INGREDIENTS
1 (1.75 oz.) package no-sugar-needed fruit pectin
5-6 ripe peaches, peeled and diced
3/4 cup white sugar
3/4 cup unsweetened white grape juice
5 (8 oz.) mason jars or tupperware containers
1/2-1 tablespoon lemon juice
1/8 teaspoon cinnamon
1/8 teaspoon nutmeg
PREPARATION
Bring a large pot of water to boil and carefully lower peaches into water. Cook for 30 seconds, then remove from water and place in an ice bath to prevent further cooking.
- Once cool, peel skin off and dice into small pieces. Purée peaches in food processor until smooth.

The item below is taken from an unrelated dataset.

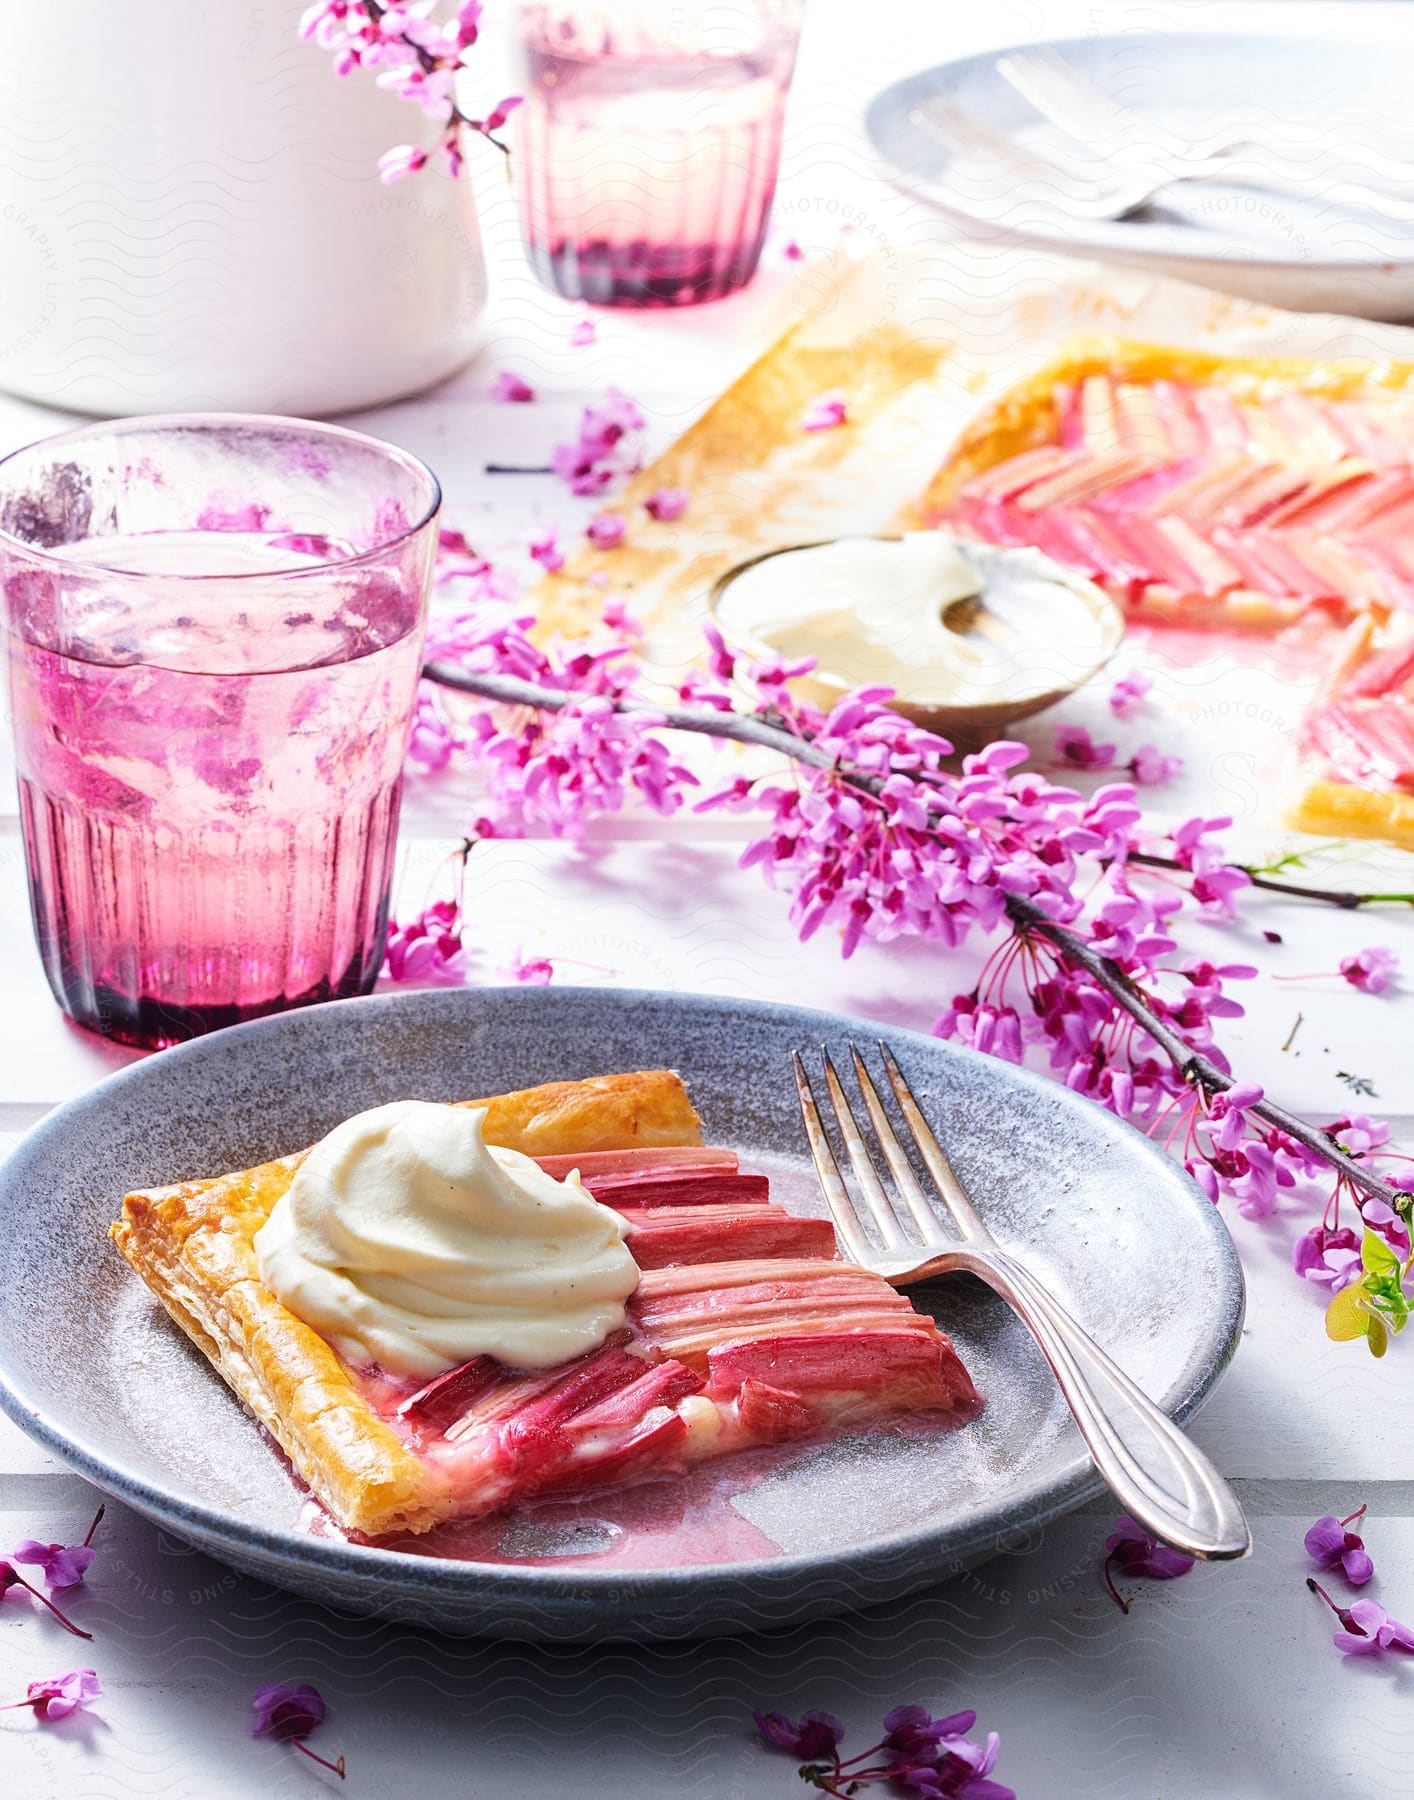 A slice of pie with cream water and purple flowers on a table

- Pour grape juice and lemon juice into a medium saucepan and bring to a boil over medium-high heat, then stir in pectin.
- Make sure mixture is at a rolling boil and use a wire whisk to stir until pectin is fully dissolved. Cook for 1 minute.
- Add in peach puree, sugar, cinnamon and nutmeg, then let cook (boiling) for 5-6 minutes.
- Remove jam from heat and pour into glass containers, make sure to leave space on the top for the jam to expand in the freezer.
- Let cool fully, then seal jars and store in freezer.